(Problem to work on)
Make an exact copy of the listing underneath, skipping each picture.

(Data)
########################################

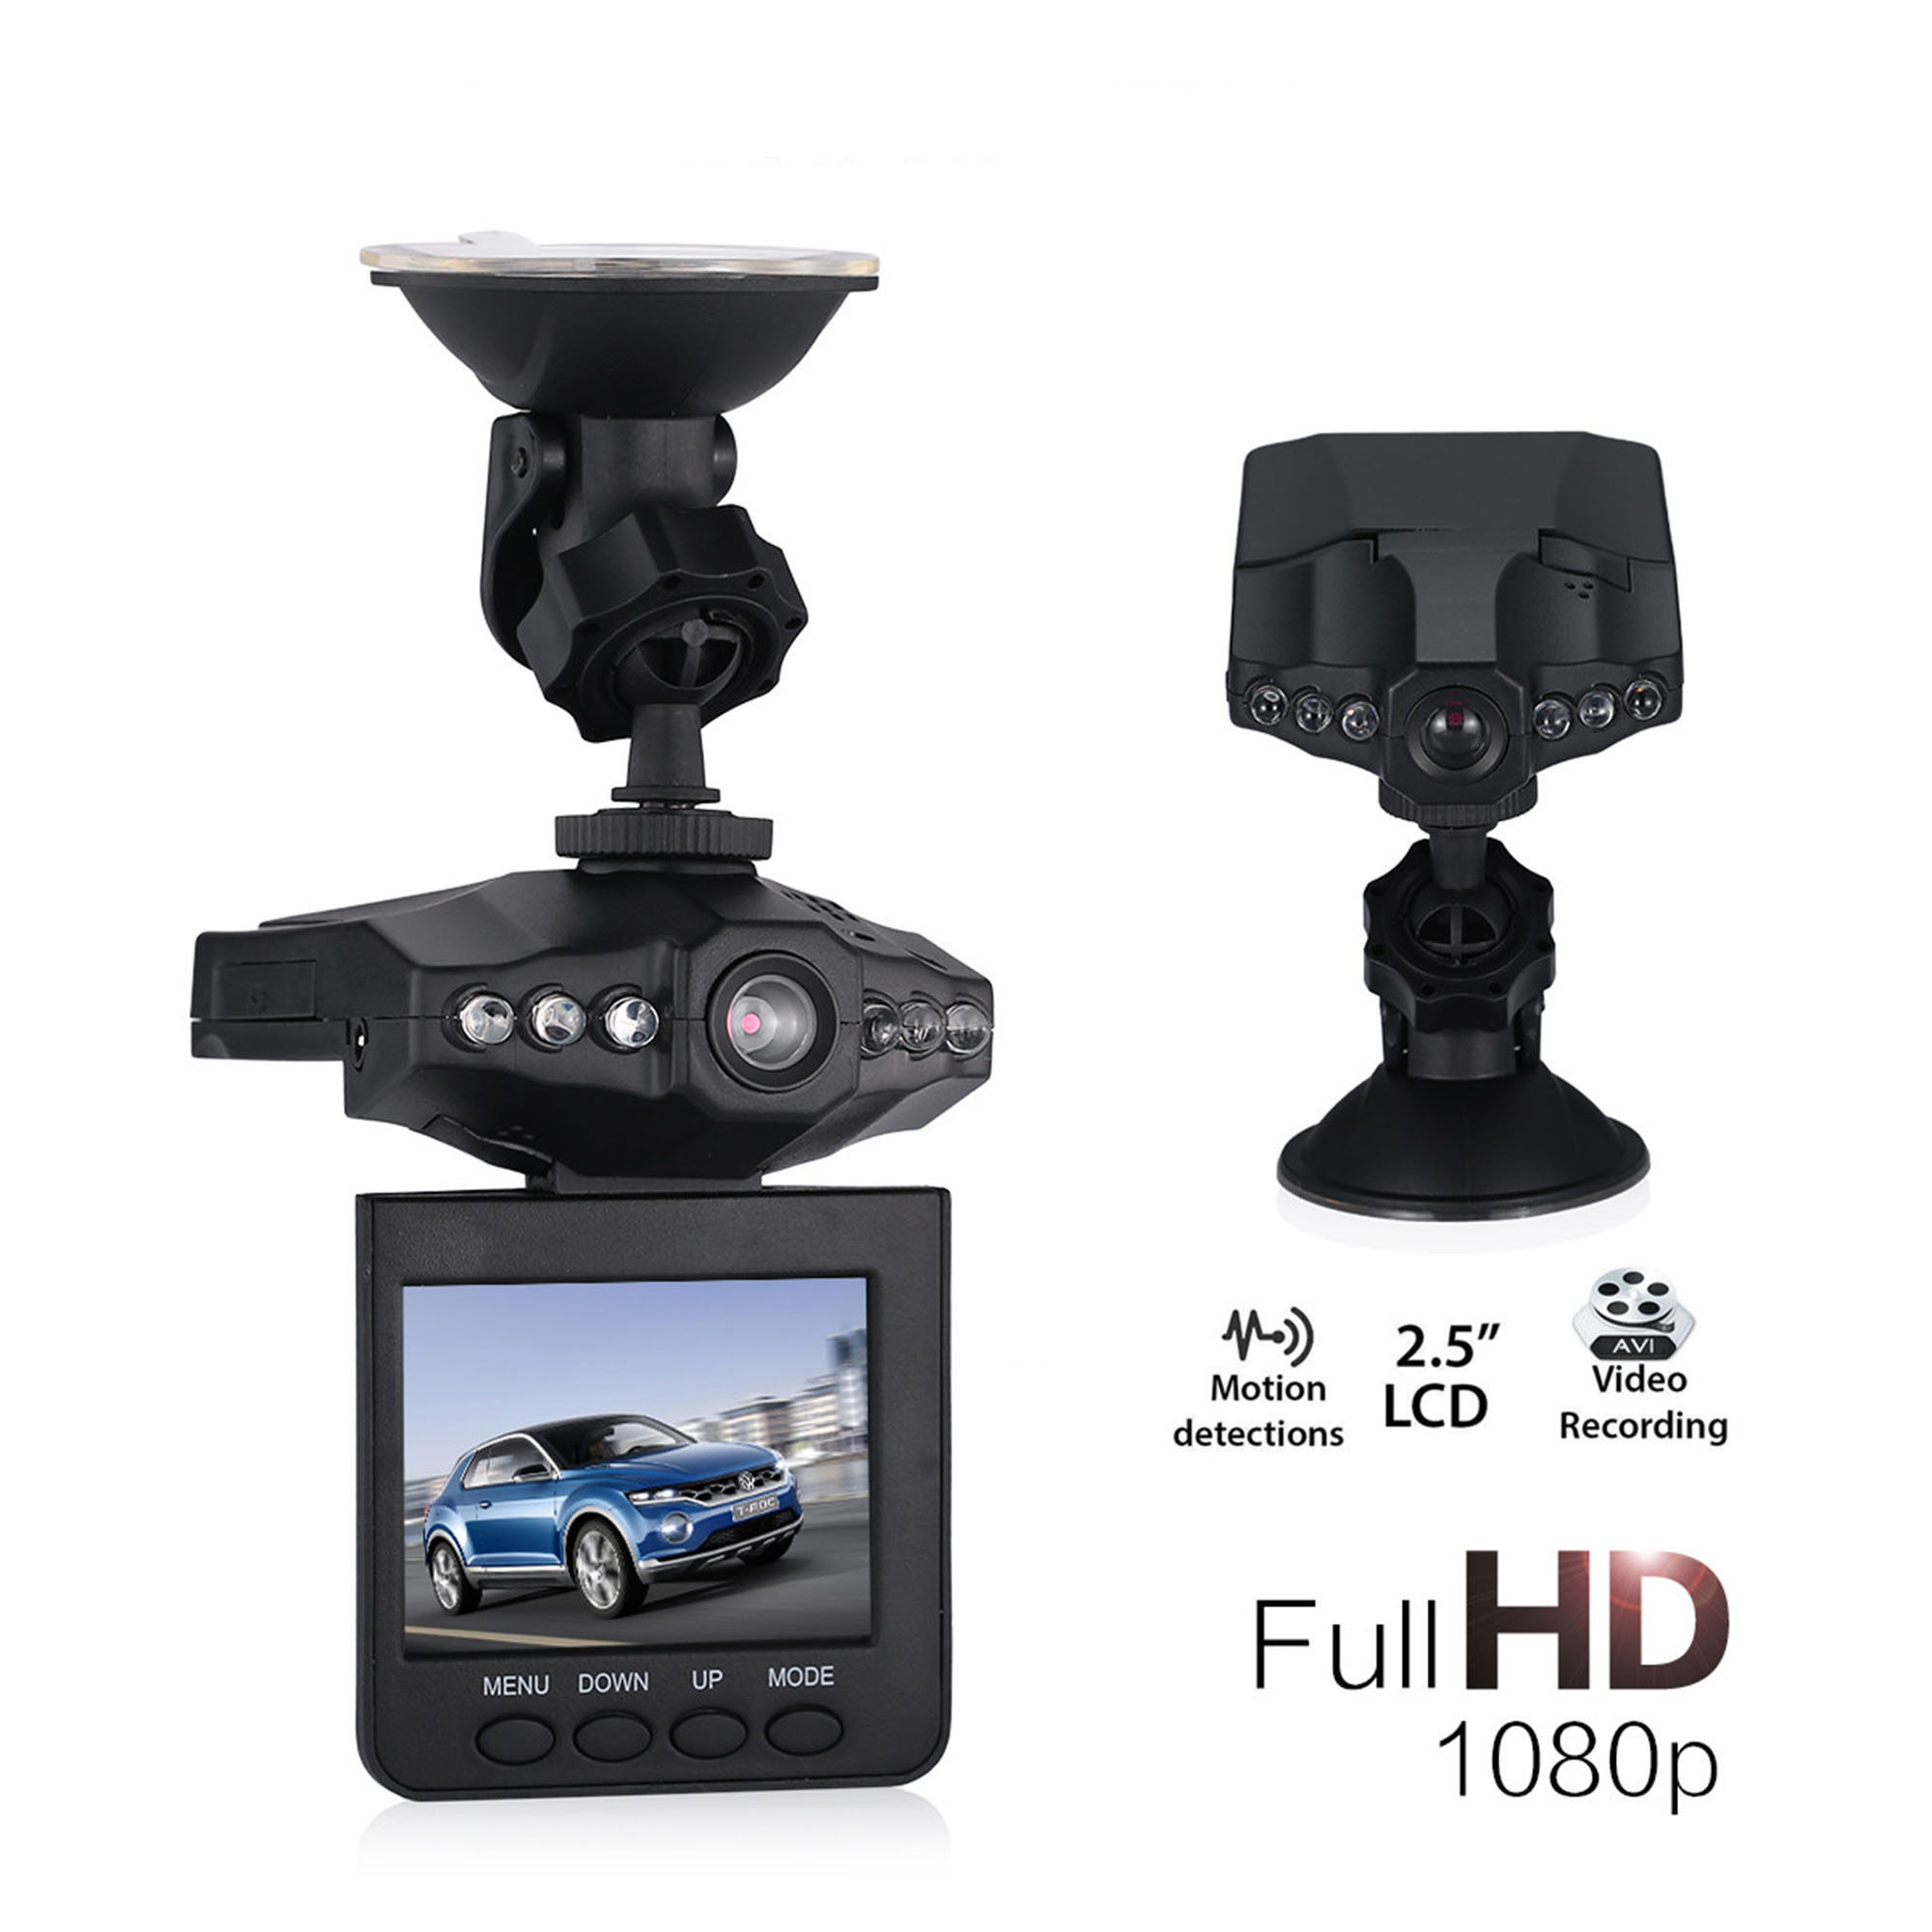 "2.5"" Full HD Dashcam with Night Vision 1080P 6 LED Car Video Recorder Dash Camera DVR G-sensor Car Recorder"
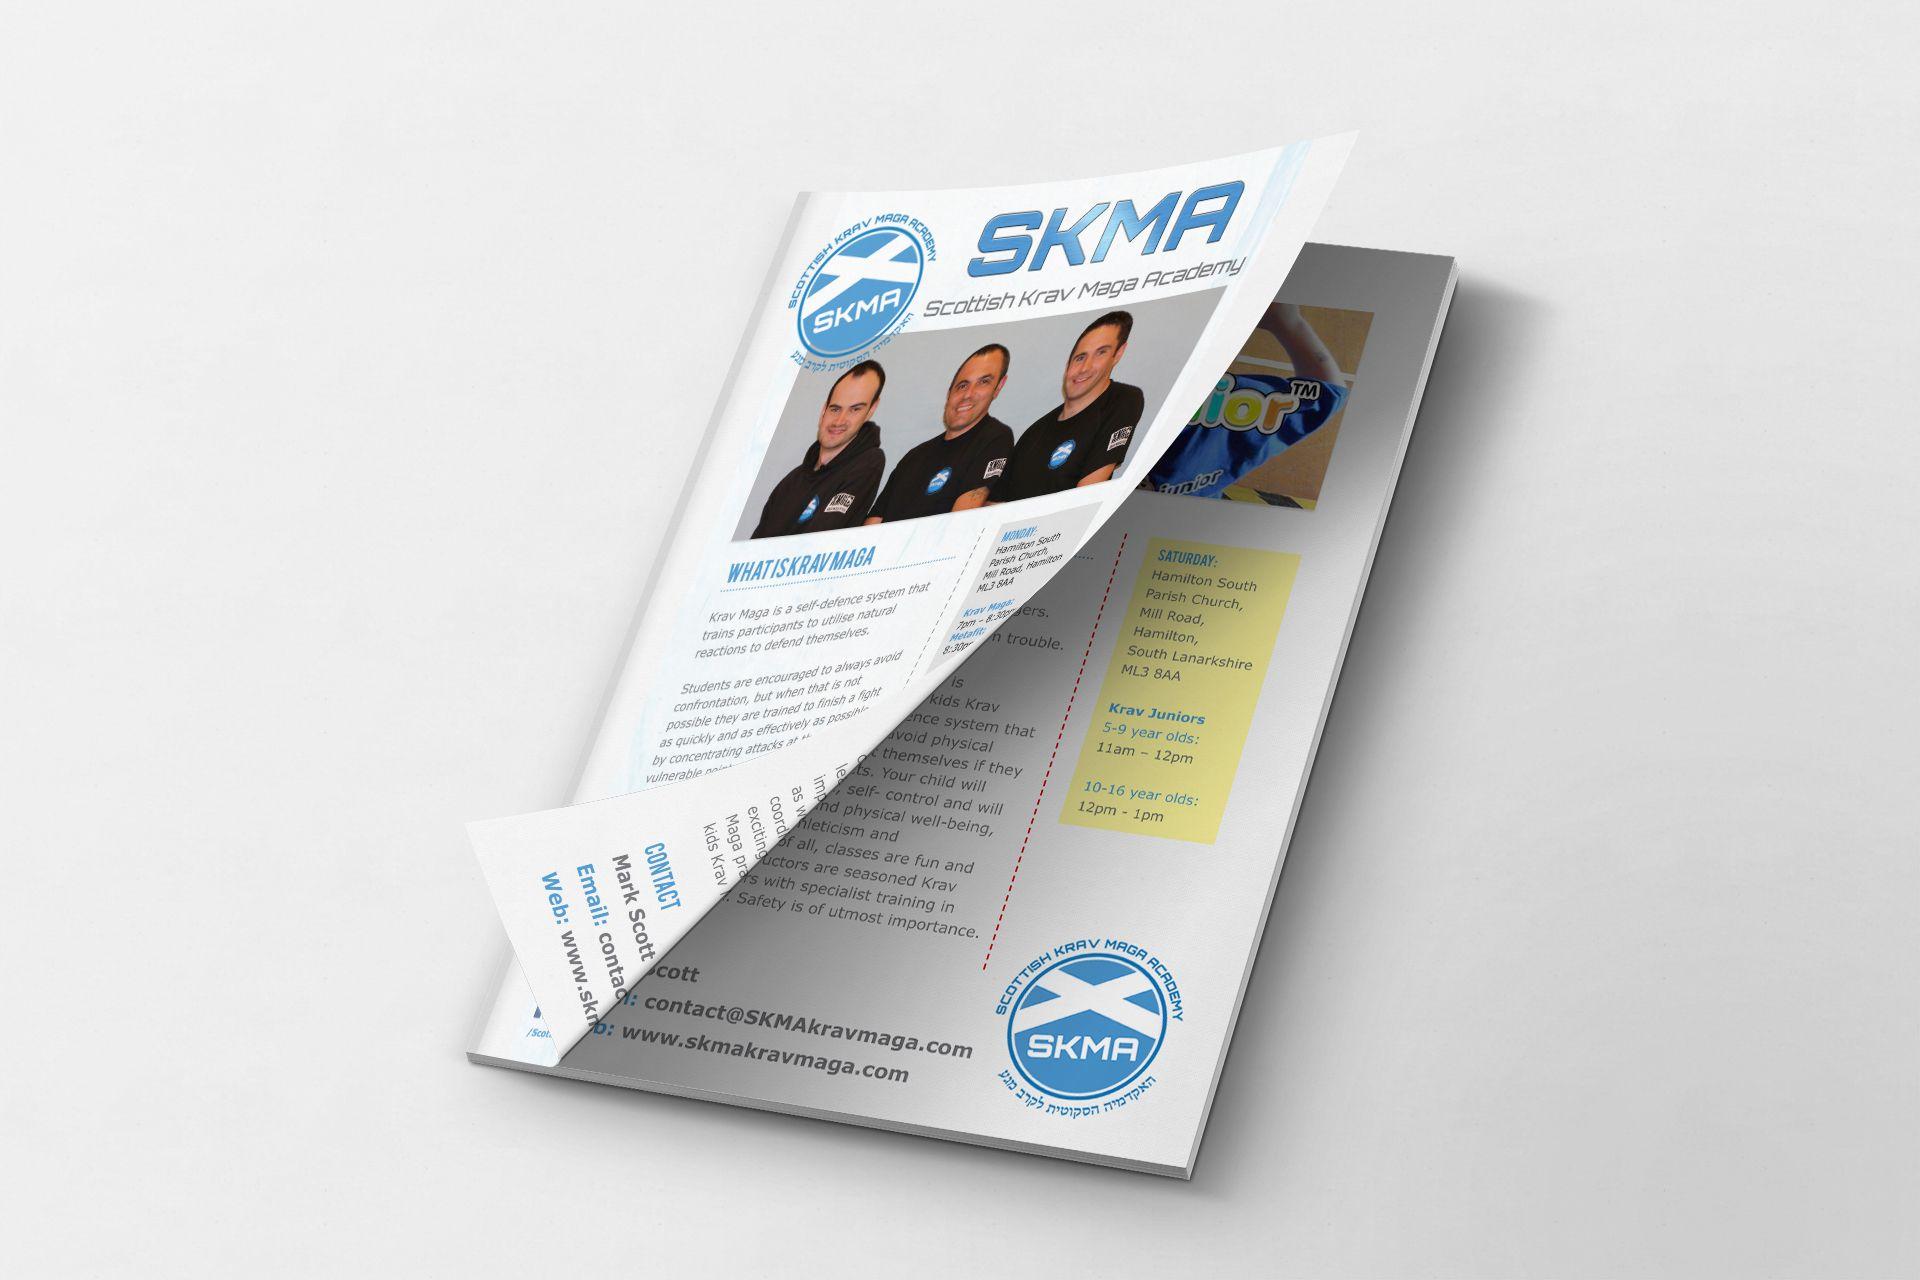 Some Design Processes And Advertising For Skma Kravmaga Branding Including Banner Stands Flyers Website Outdoor Branding Process Branding Krav Maga
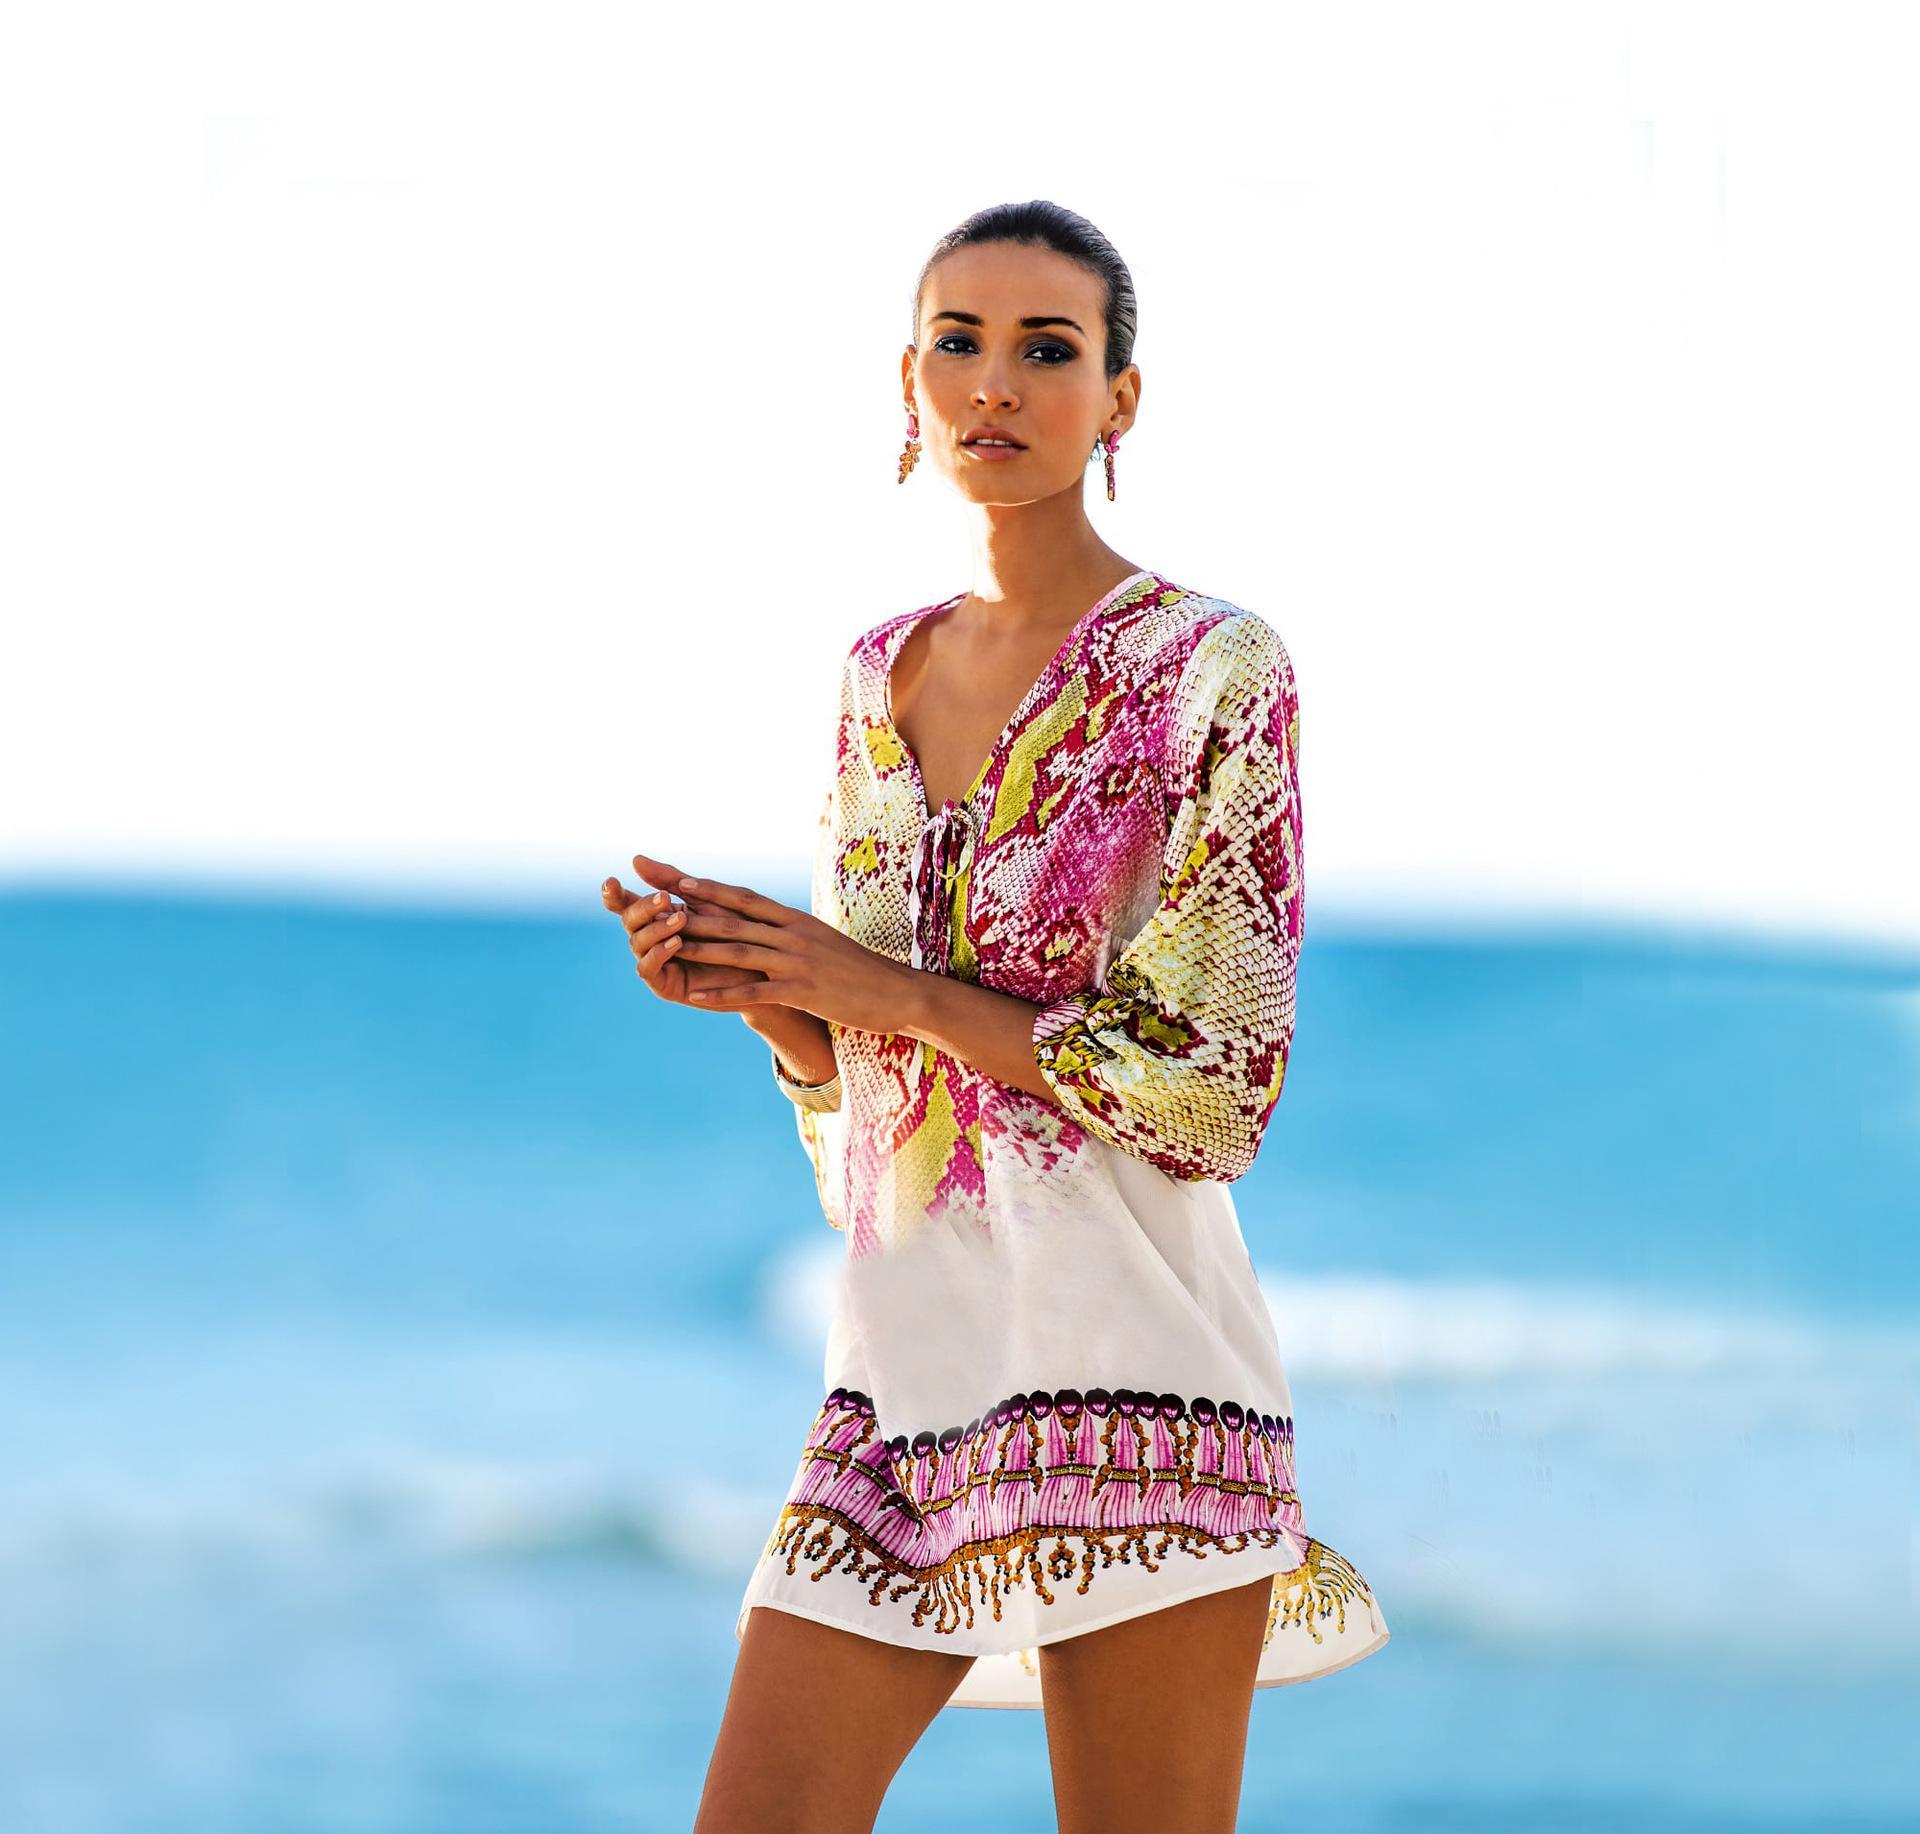 2020 Beach Swimwear Women Dress Cover Up Wear Women 39 S Plus Size Tunic Beachwear Snake Chiffon New Swimsuit Beach Bikinis Print From Amyshop3 21 76 Dhgate Com

########################################

(Answer space)
 "2.5"" Full HD Dashcam with Night Vision 1080P 6 LED Car Video Recorder Dash Camera DVR G-sensor Car Recorder"
 Some Design Processes And Advertising For Skma Kravmaga Branding Including Banner Stands Flyers Website Outdoor Branding Process Branding Krav Maga
 2020 Beach Swimwear Women Dress Cover Up Wear Women 39 S Plus Size Tunic Beachwear Snake Chiffon New Swimsuit Beach Bikinis Print From Amyshop3 21 76 Dhgate Com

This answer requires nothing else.